次に、リクエストを行う関数でスキーマオブジェクトを使用します。

def translate_property_llm(value, target_lang):
    headers = {
        'Content-Type': 'application/json',
        'Authorization': f'Bearer {openai_key}',
    }
    url = 'https://api.openai.com/v1/chat/completions'
    data = {
        'model': 'gpt-4o-mini',
        'response_format': response_format,
        'messages': [
            {'role': 'system',
             'content': f'Translate "{value}" to {target_lang}. '
                        f'Only provide the translation without any additional text or explanation.'},
            {'role': 'user', 'content': value}
        ],
    }

    response = requests.post(url, headers=headers, data=json.dumps(data))
    try:
        content_json = json.loads(response.json()["choices"][0]["message"]["content"])
        return content_json["translation"]
    except (json.JSONDecodeError, KeyError) as e:
        raise ValueError(f"Failed to parse translation response: {str(e)}")
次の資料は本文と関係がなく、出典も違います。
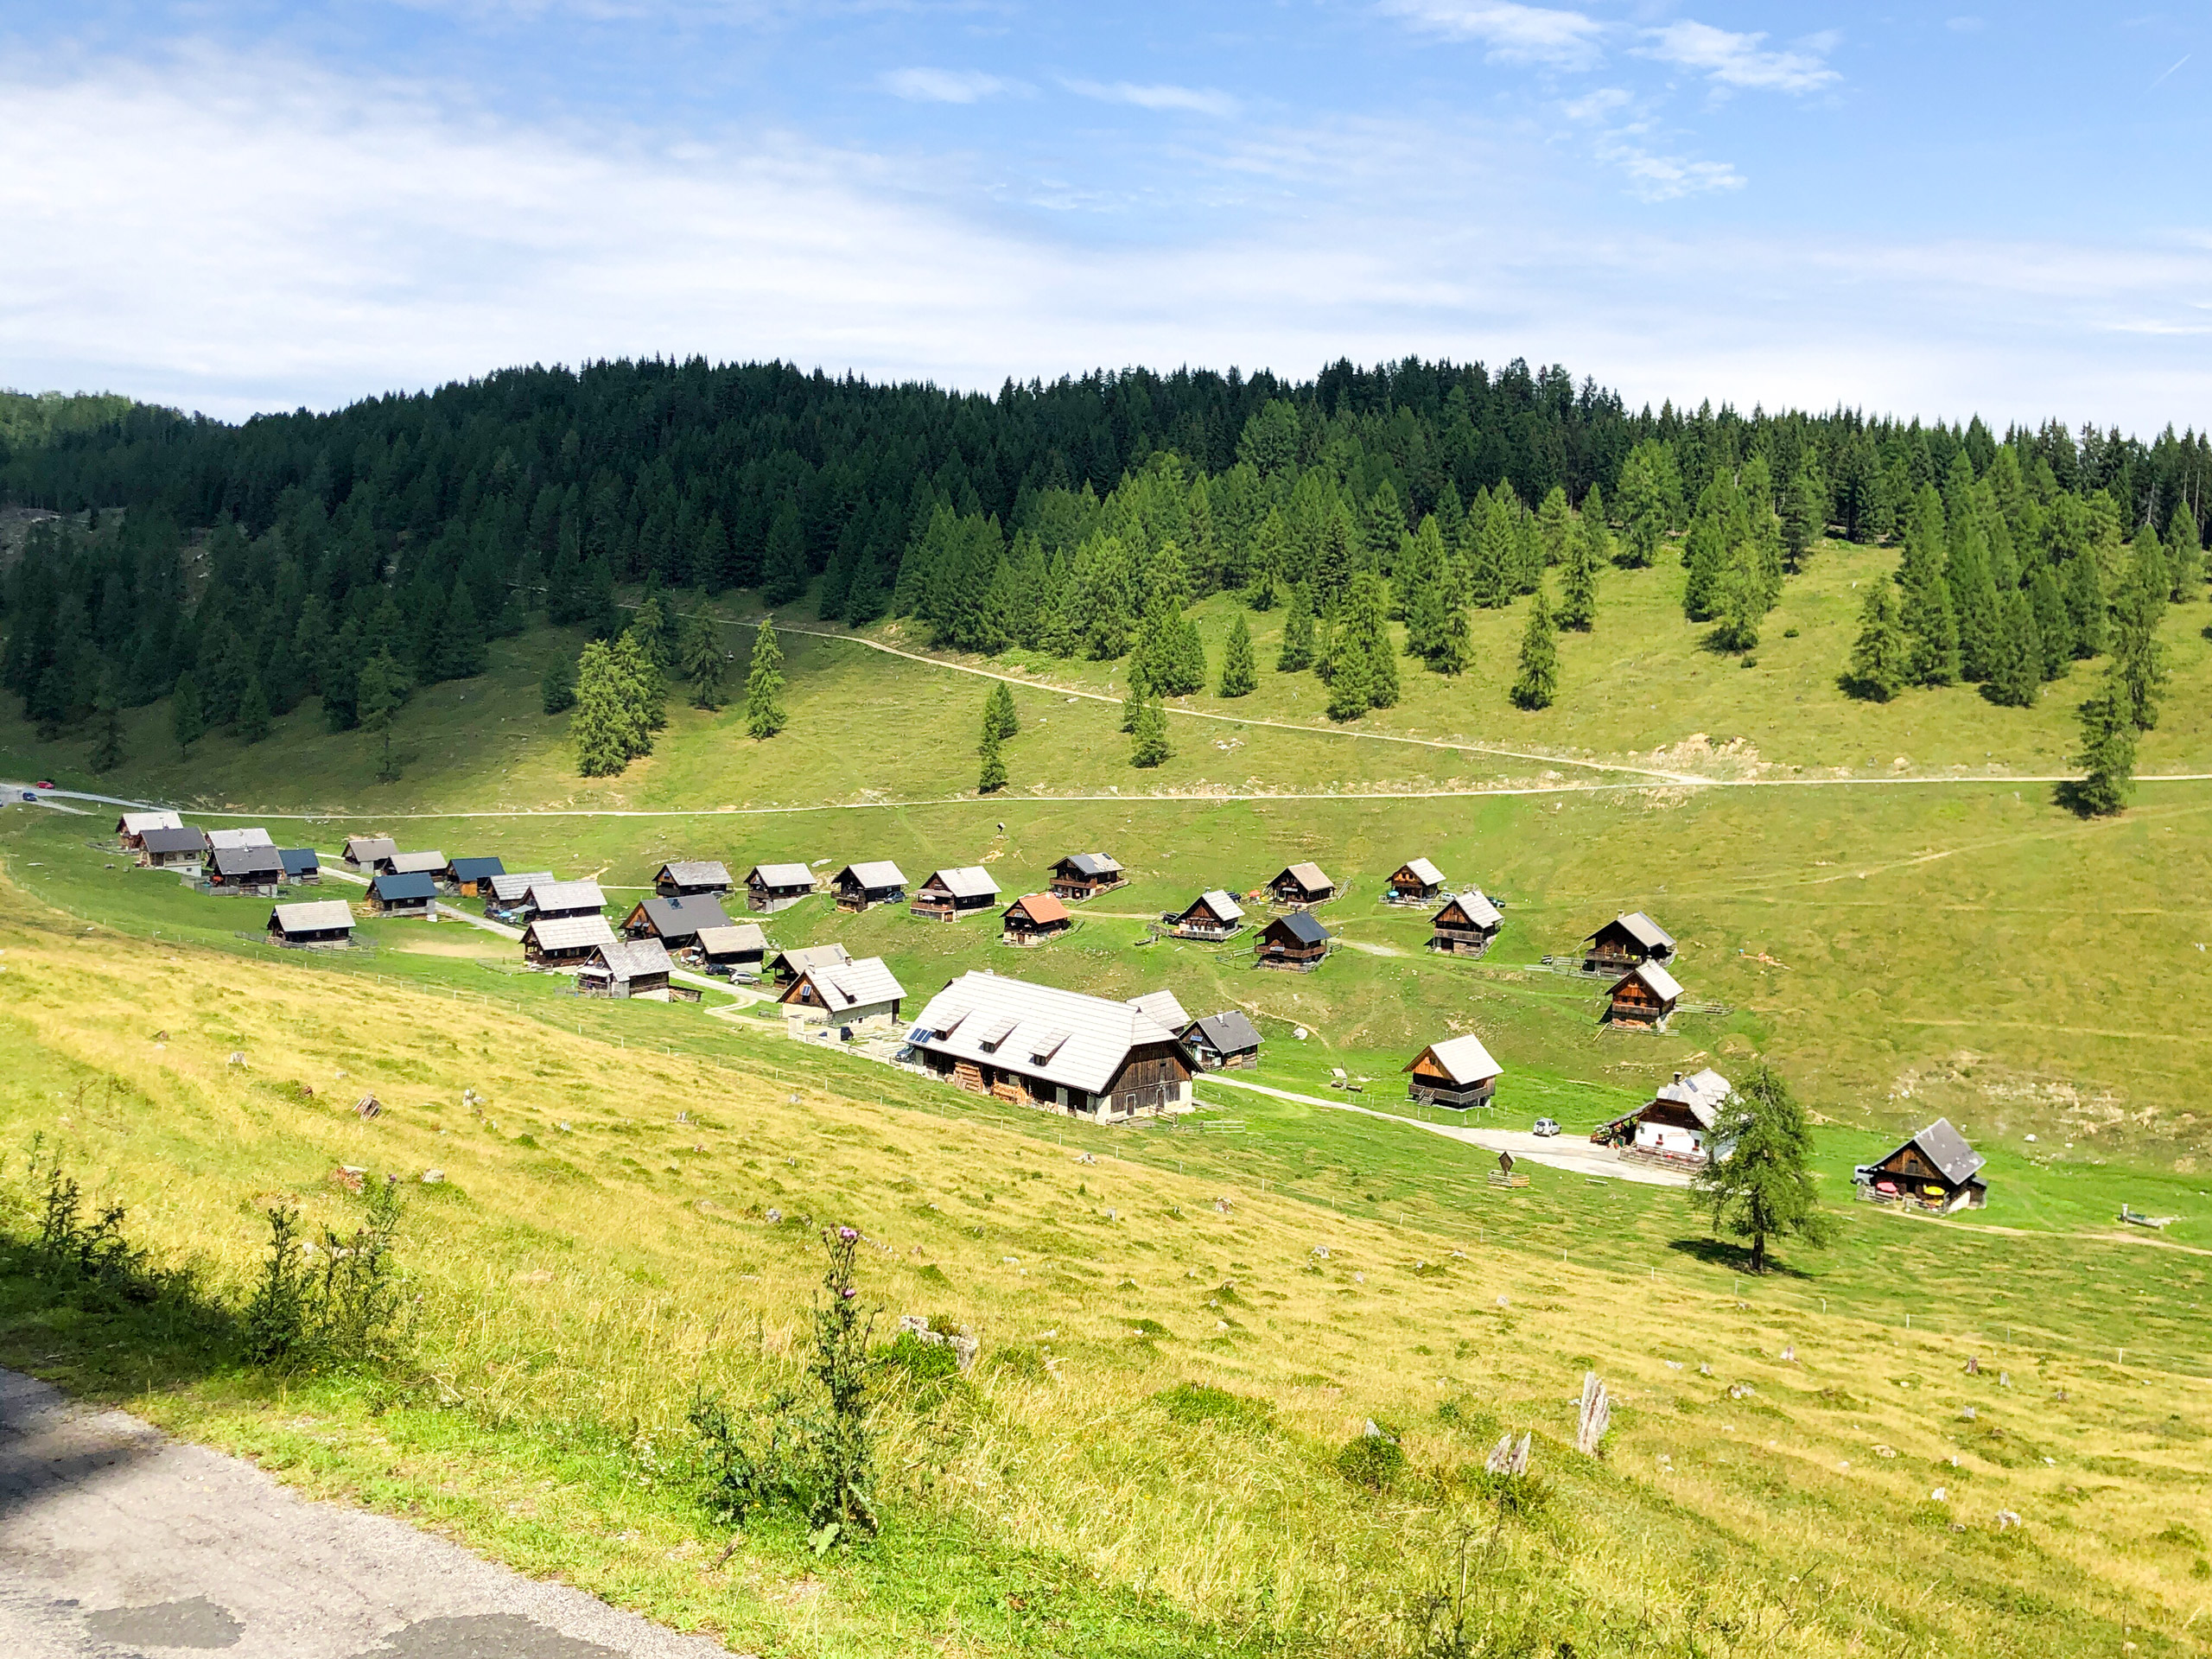 Mountain village in Italy

それでコーディングは終了です! 詳しくは、GitHubのリポジトリでプロジェクトを探索し、実験してみてください。

前回のアプローチとの比較

更新されたバージョンでは、翻訳サービスをベースにしたものに比べて翻訳プロセスに少し時間がかかりました。とはいえ、提供したコードは最もシンプルな動作する例であり、リクエストを非同期で送信することでさらに高速化することが可能です。

費用の面では、5つのロケールに翻訳するのに0.01ドル未満となり、前回のバージョンと比べて10倍以上安くなりました。

OpenAI ダッシュボードには <0.01$ の支出が表示されています

結果として得られたメッセージバンドルをざっと見てみると、何も怪しいものは見つかりませんでした。新たに追加した言語はいずれも読むことができませんが、フォーマットは良好であり、‘Sure, I’ll translate that for you’のようなフレーズは一つも見つけられませんでした🙂。

なぜ重要なのか

上記の実験で説明した問題はニッチなものであるものの、LLMのより広範で重要な側面を示しています。個々のタスクの解決において特化したサービスを上回るかどうかはともかくとして、LLMの真に注目すべき点は、短時間で実用的な解決策を提供し、より特化したツールに対する汎用的な代替としての能力です。

私自身、機械学習についての知識は基本的なものしかないため、かつては中程度の解決策であっても専門知識を必要とするタスクのクラス全体を避けていました。しかし今では、分類器、翻訳サービス、LLMをジャッジとして使用するなど、無数のアプリケーションを組み立てるのが非常に容易になりました。

もちろん、品質は依然として考慮するべき事項ですが、実際には、多くの問題に対して100%の完璧さは必要ないのです。ハッキングをしない理由が一つ少なくなりました!

まとめ

この記事を適切にまとめる方法が思い浮かばなかったので、今日会った猫の写真を載せておきます(AI生成ではありません!)。